Awards season is in full swing, and it's all set to culminate with the Oscars. We've already had big prizes given out by the likes of the Golden Globes and several of the guilds, and now the Oscar nominations have been revealed, all eyes are on the massive finale.
The Academy Awards are the biggest date on the Hollywood calendar. The Oscars themselves are the most prestigious prize in the industry, and the massive telecast in the Dolby Theater is a major ratings get (even with drops in recent years it still hits over 30 million) full of show-stopping events and, of course, major stars. But, now we know who's in the running this year, when will the ceremony actually take place?
Related: Oscar Bait May Finally Be Dead
The Date and Time of the Oscars In 2018 (Is Different From Previous Years)
The Oscars typically take place in the final weekend of February. However, if you tune in on February 25, you're in for a snowy disappointment. Due to the 2018 Winter Olympics, they've has been pushed back a week, meaning that the Oscars 2018 ceremony takes places on March 4.
That's not the only thing changing this year; the ceremony will also start a little earlier. Whereas last year the red carpet began at 7pm EST/4pm PST, with the ceremony itself kicking off 8:30pm EST/5:30 pm PST, this year the festivities kick off half-an-hour earlier: the red carpet coverage starts at 6:30 p.m. EST/3:30 p.m. PST, with the awards at 8:00pm EST/5:00 pm PST.

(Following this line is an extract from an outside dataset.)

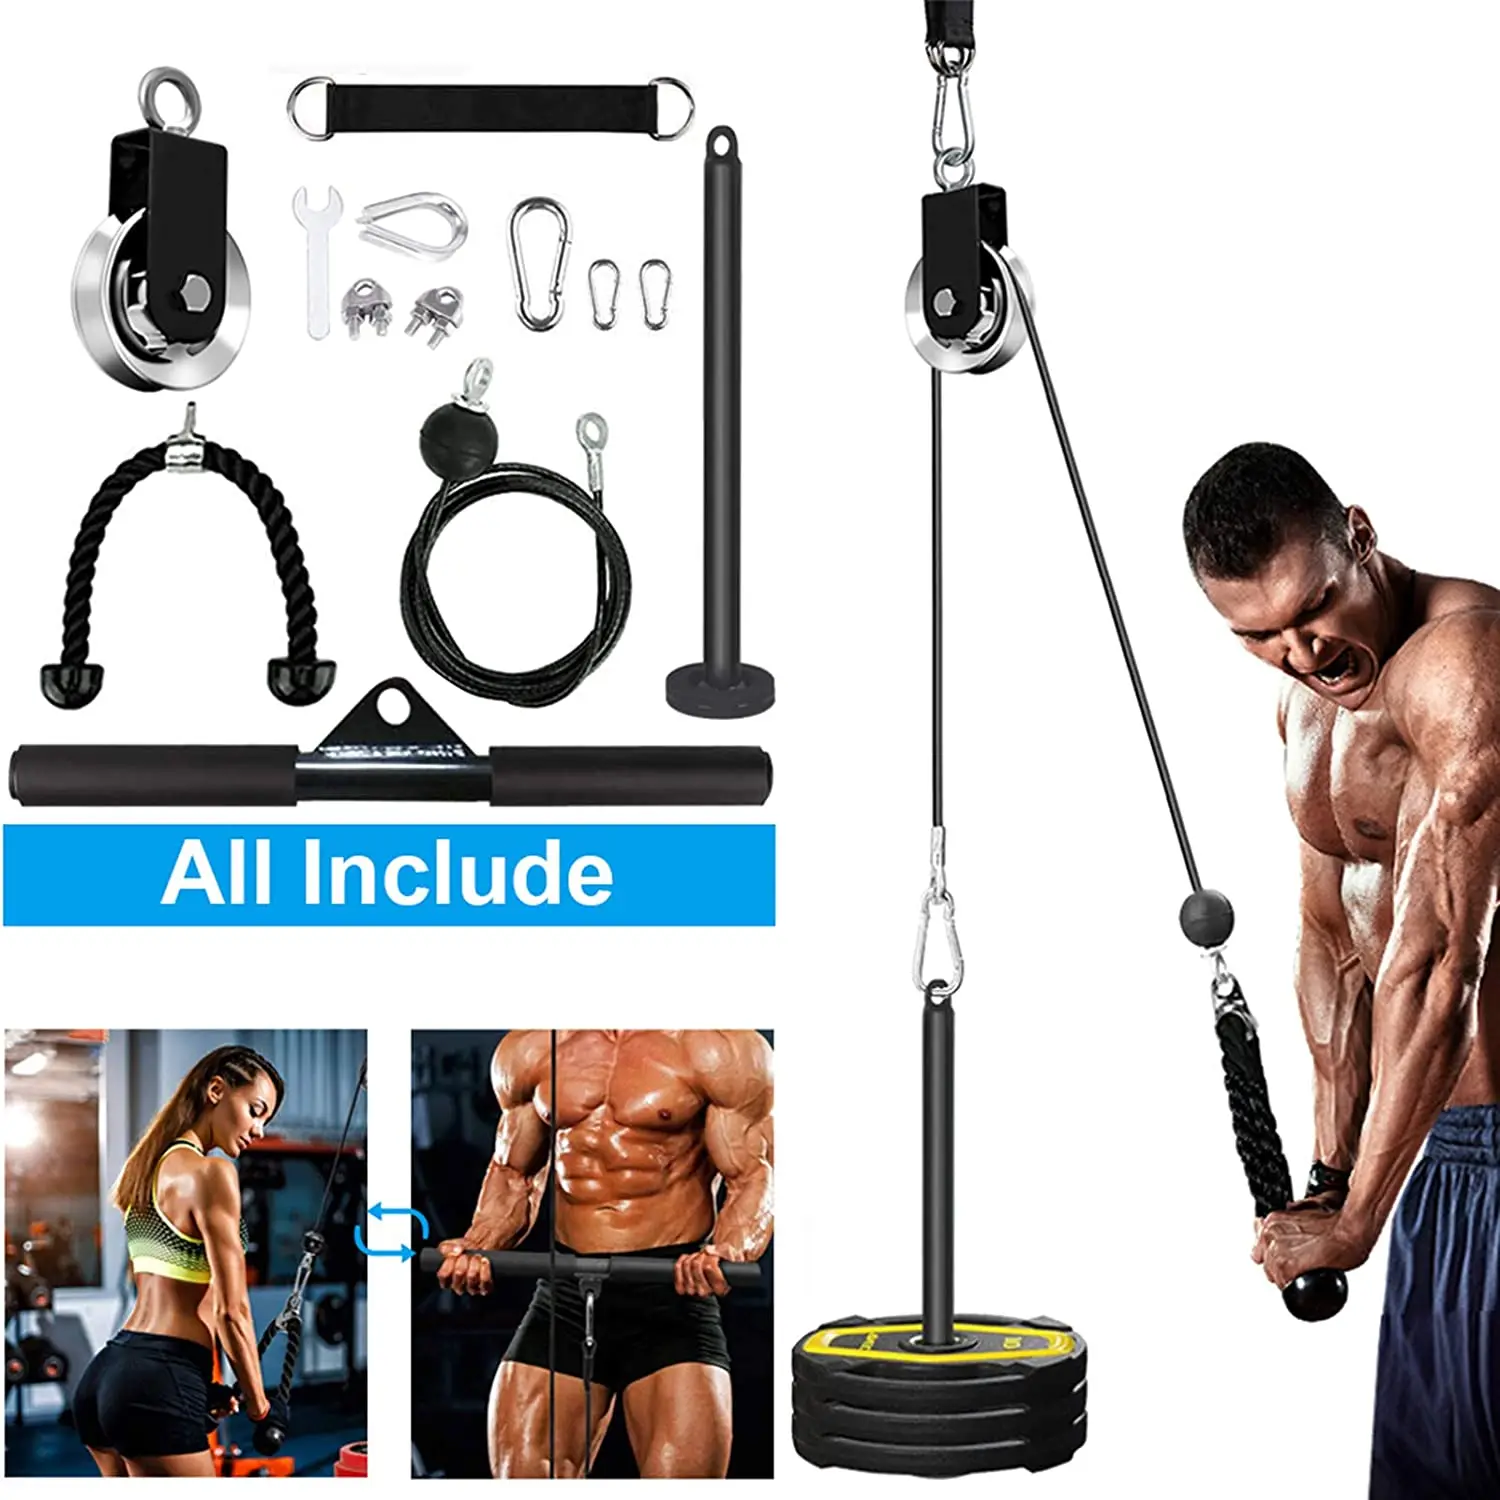 Home Gym Cable Pulley System for Weight Lifting Curl Bar LAT Bar Cable Machine Accessories LAT Pulldown Pulley System Gym with LAT Pull Down Bar Attachments DIY Pulley Cable Machine Attachments

As always, everything in the show will air on ABC in the US and other licensees around the world.
What Can We Expect At The Oscars 2018?
Jimmy Kimmel is back as host after his mostly successful debut in the gig last year (out-of-his-hands final shocker notwithstanding), and he'll have his work cut out for him. This is the 90th Academy Awards, making it a considerably bigger celebration, but more importantly the specter of sexual harassment looms large. Seth Meyers pulled few punches in addressing the allegations against the likes of Harvey Weinstein and Kevin Spacey at the Golden Globes, and the pressure is on Kimmel to address the major shift in the industry without being crass.
As for what will take home the big prize, that's hard to call. This is the most open awards race in years, and while the acting categories are beginning to normalize out (expect the Oscars to be identical to the SAG awards) the fight for Best Picture and Director is a fierce one. At the moment, Three Billboards Outside Ebbing, Missouri is the firm favorite, although the growing backlash against its handling of racist characters could hurt it during the voting period. Also in hot contention is The Shape of Water, which is likely going to see Guillermo del Toro win his first directing Oscar - and possibly nab the big prize too.